[Source records]
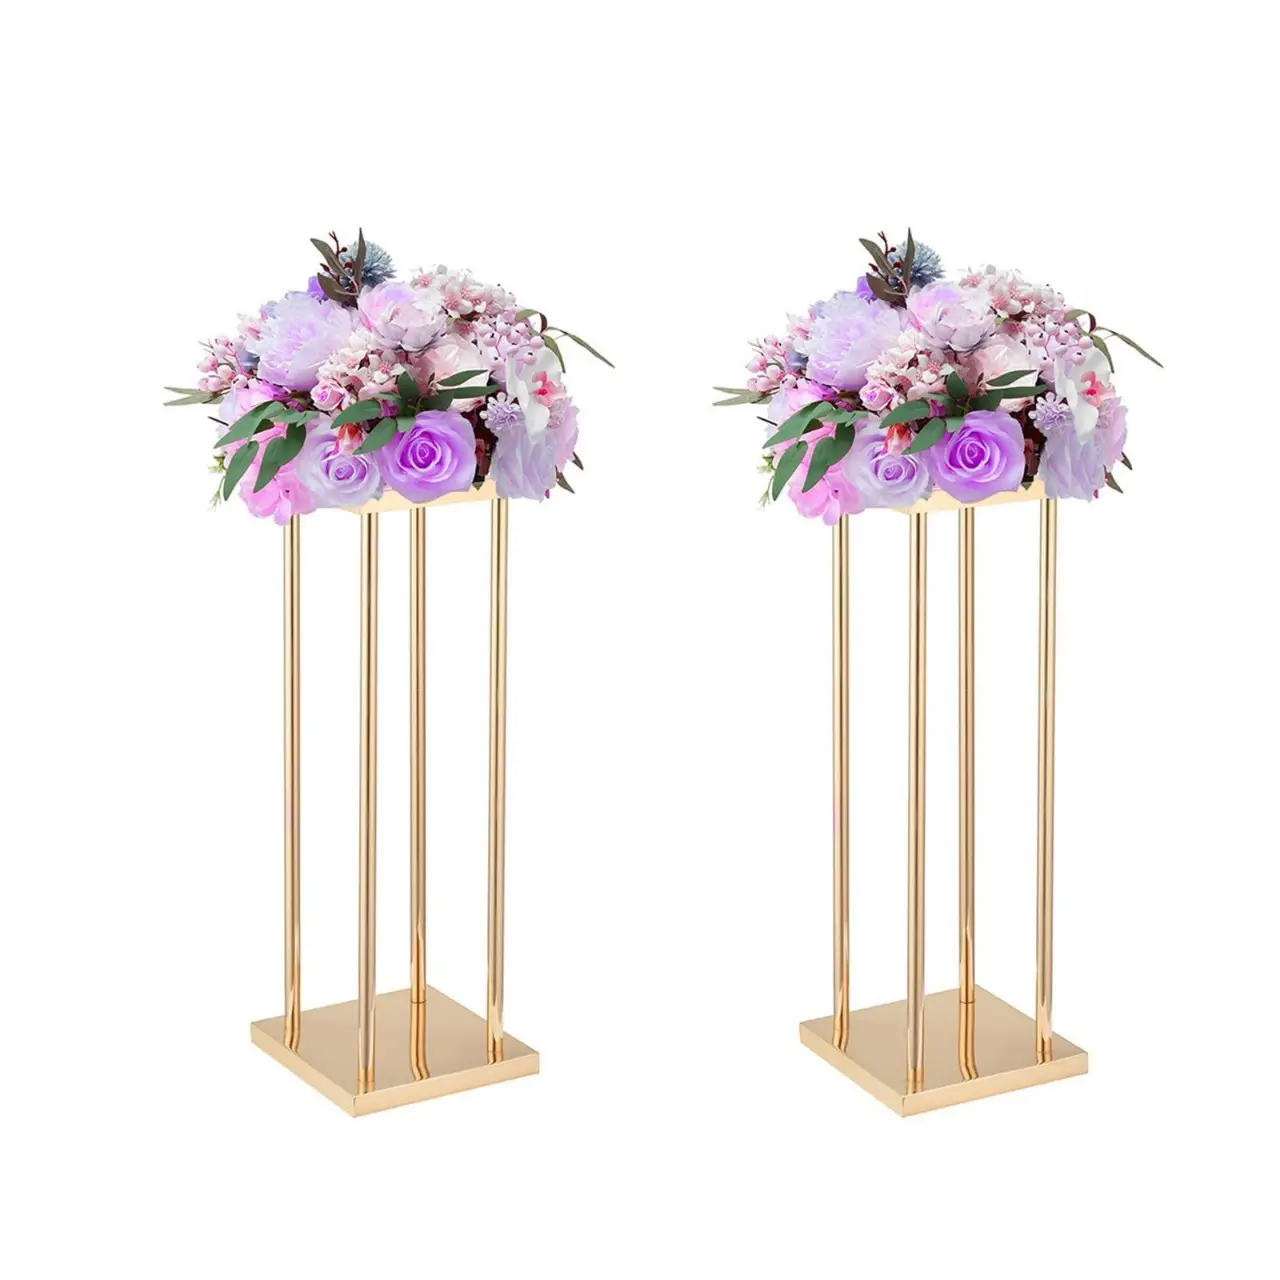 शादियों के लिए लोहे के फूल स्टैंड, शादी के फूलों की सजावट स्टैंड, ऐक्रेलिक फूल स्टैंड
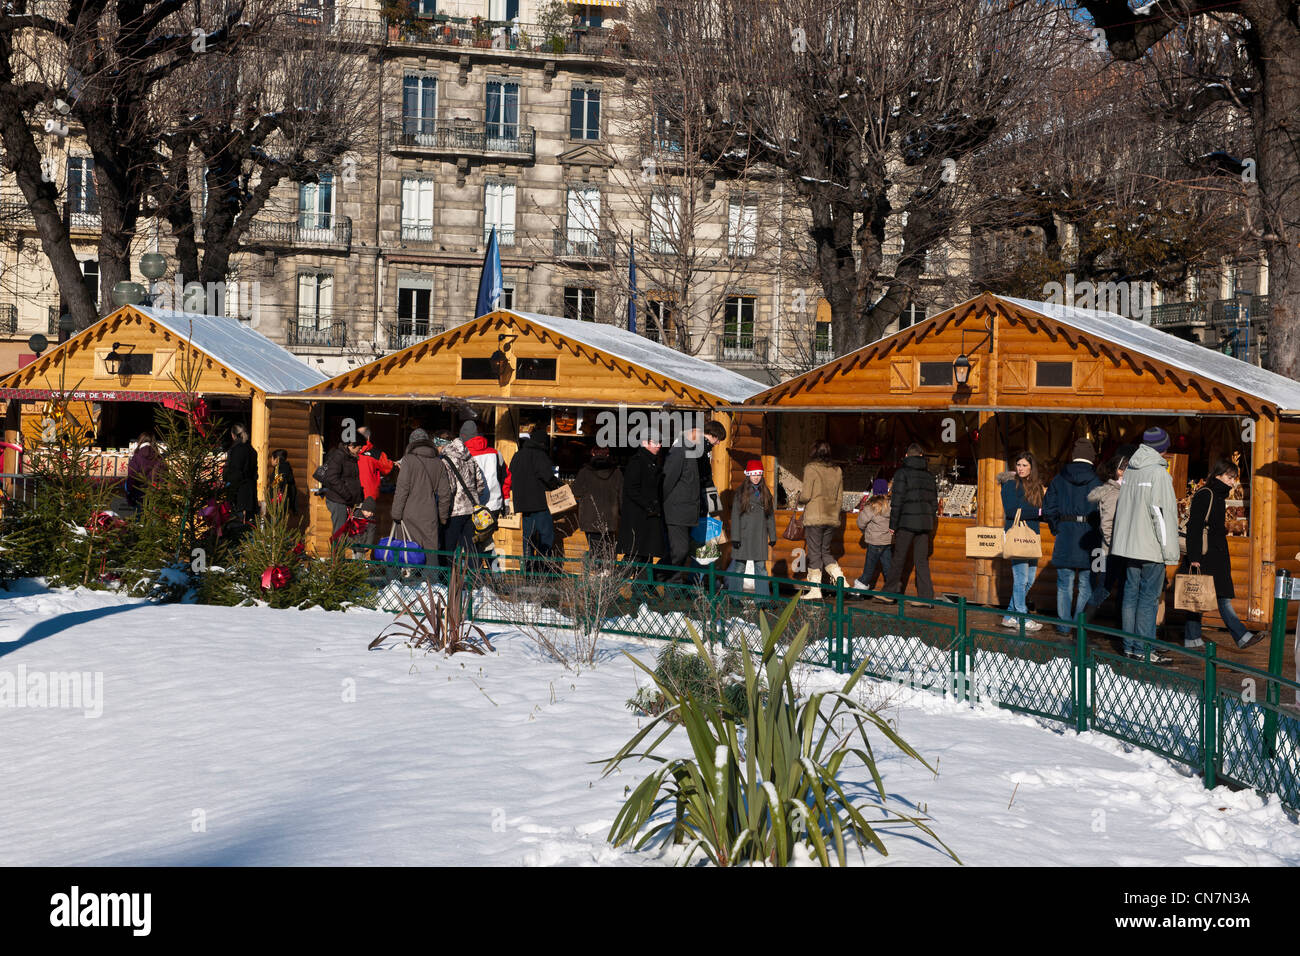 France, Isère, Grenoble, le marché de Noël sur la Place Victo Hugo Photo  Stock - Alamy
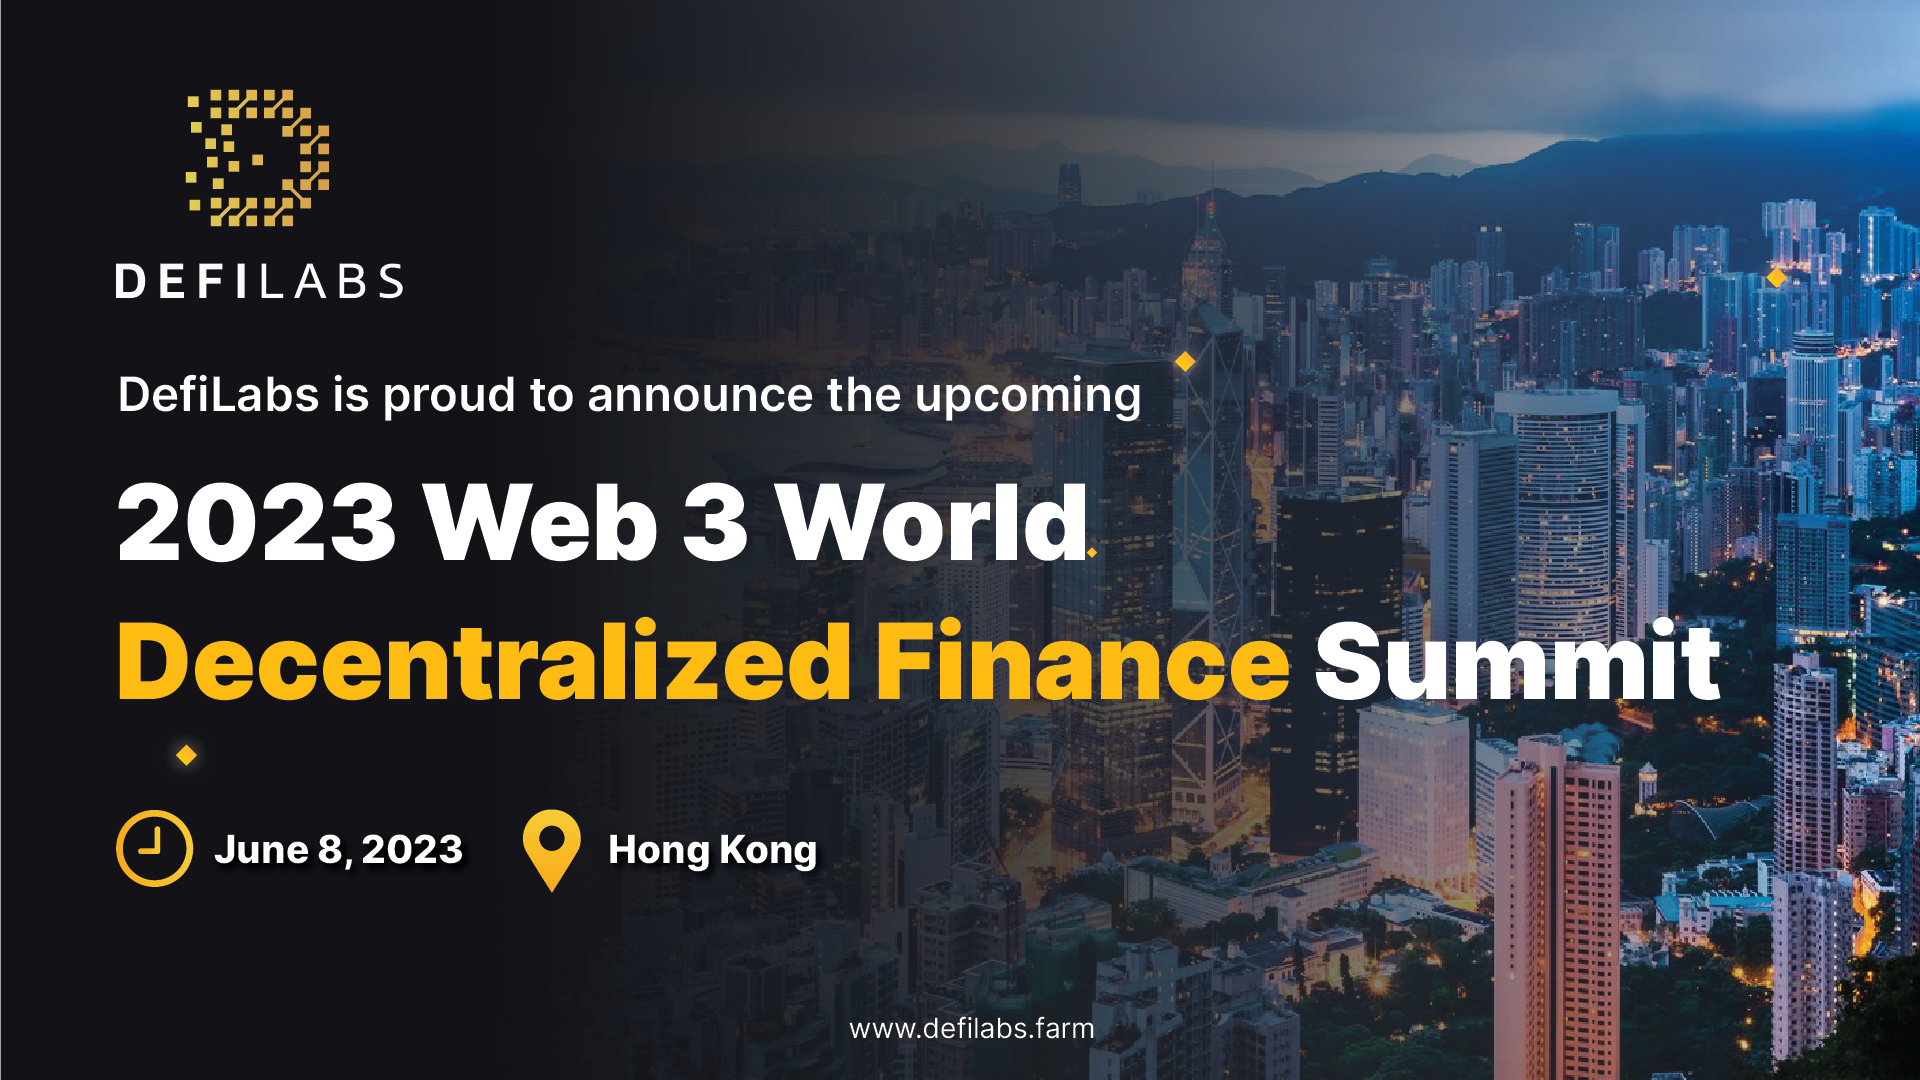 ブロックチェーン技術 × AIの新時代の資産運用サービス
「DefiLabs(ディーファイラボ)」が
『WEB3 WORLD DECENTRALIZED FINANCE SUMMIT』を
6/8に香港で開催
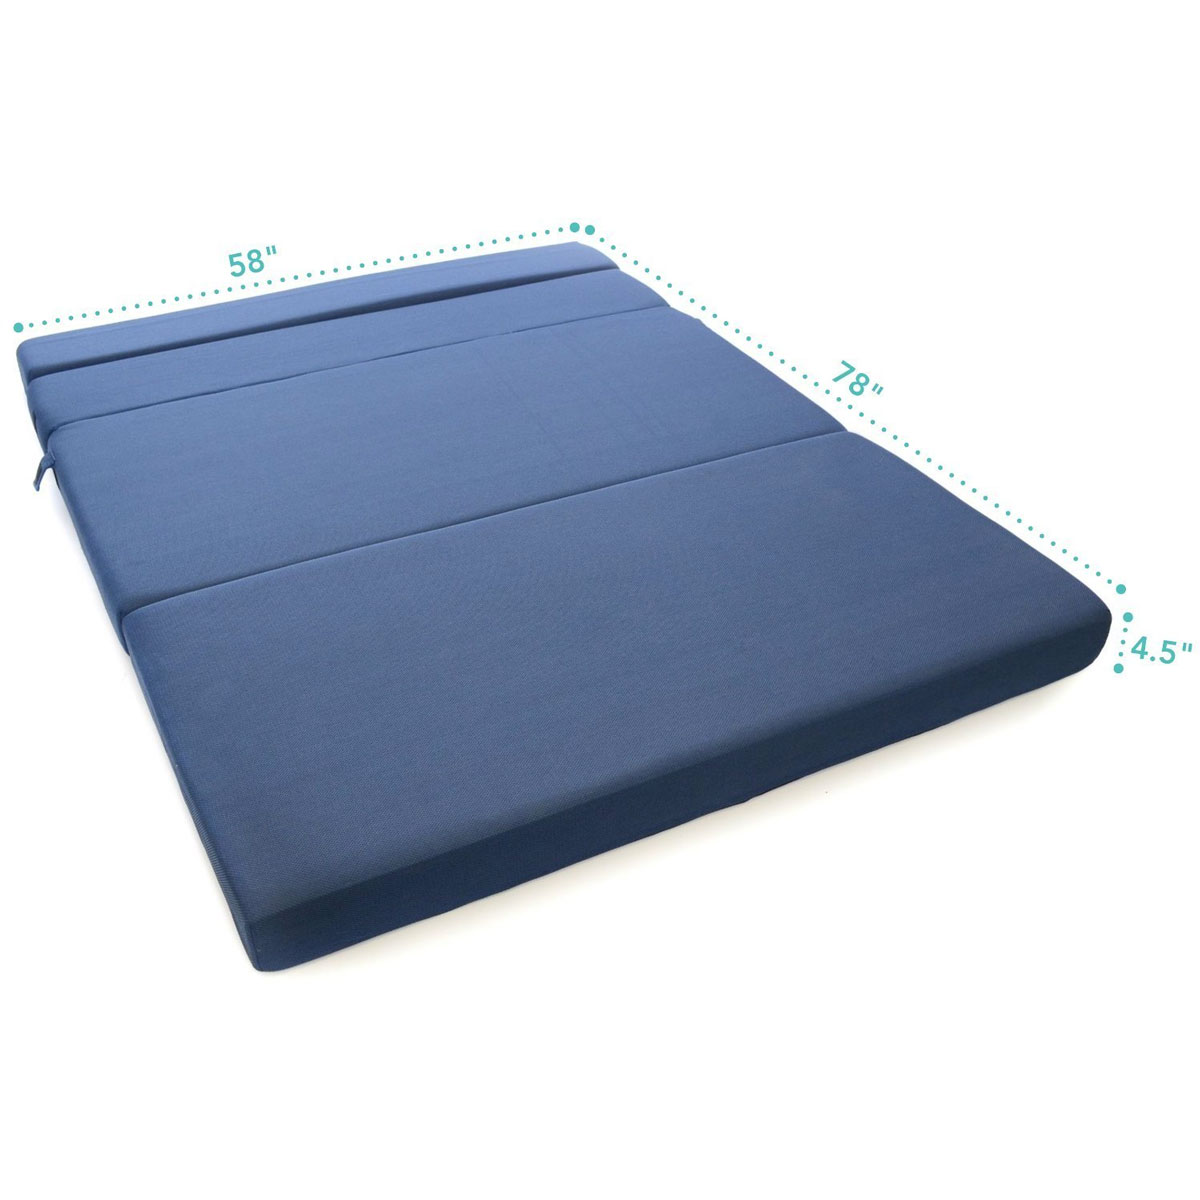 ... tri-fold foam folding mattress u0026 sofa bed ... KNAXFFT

**ACTIVITY**
Each entry shown above must be quoted exactly, with its pictures left out.

**EXERCISE RESPONSE**
 शादियों के लिए लोहे के फूल स्टैंड, शादी के फूलों की सजावट स्टैंड, ऐक्रेलिक फूल स्टैंड
 France, Isère, Grenoble, le marché de Noël sur la Place Victo Hugo Photo  Stock - Alamy
 ブロックチェーン技術 × AIの新時代の資産運用サービス
「DefiLabs(ディーファイラボ)」が
『WEB3 WORLD DECENTRALIZED FINANCE SUMMIT』を
6/8に香港で開催
 ... tri-fold foam folding mattress u0026 sofa bed ... KNAXFFT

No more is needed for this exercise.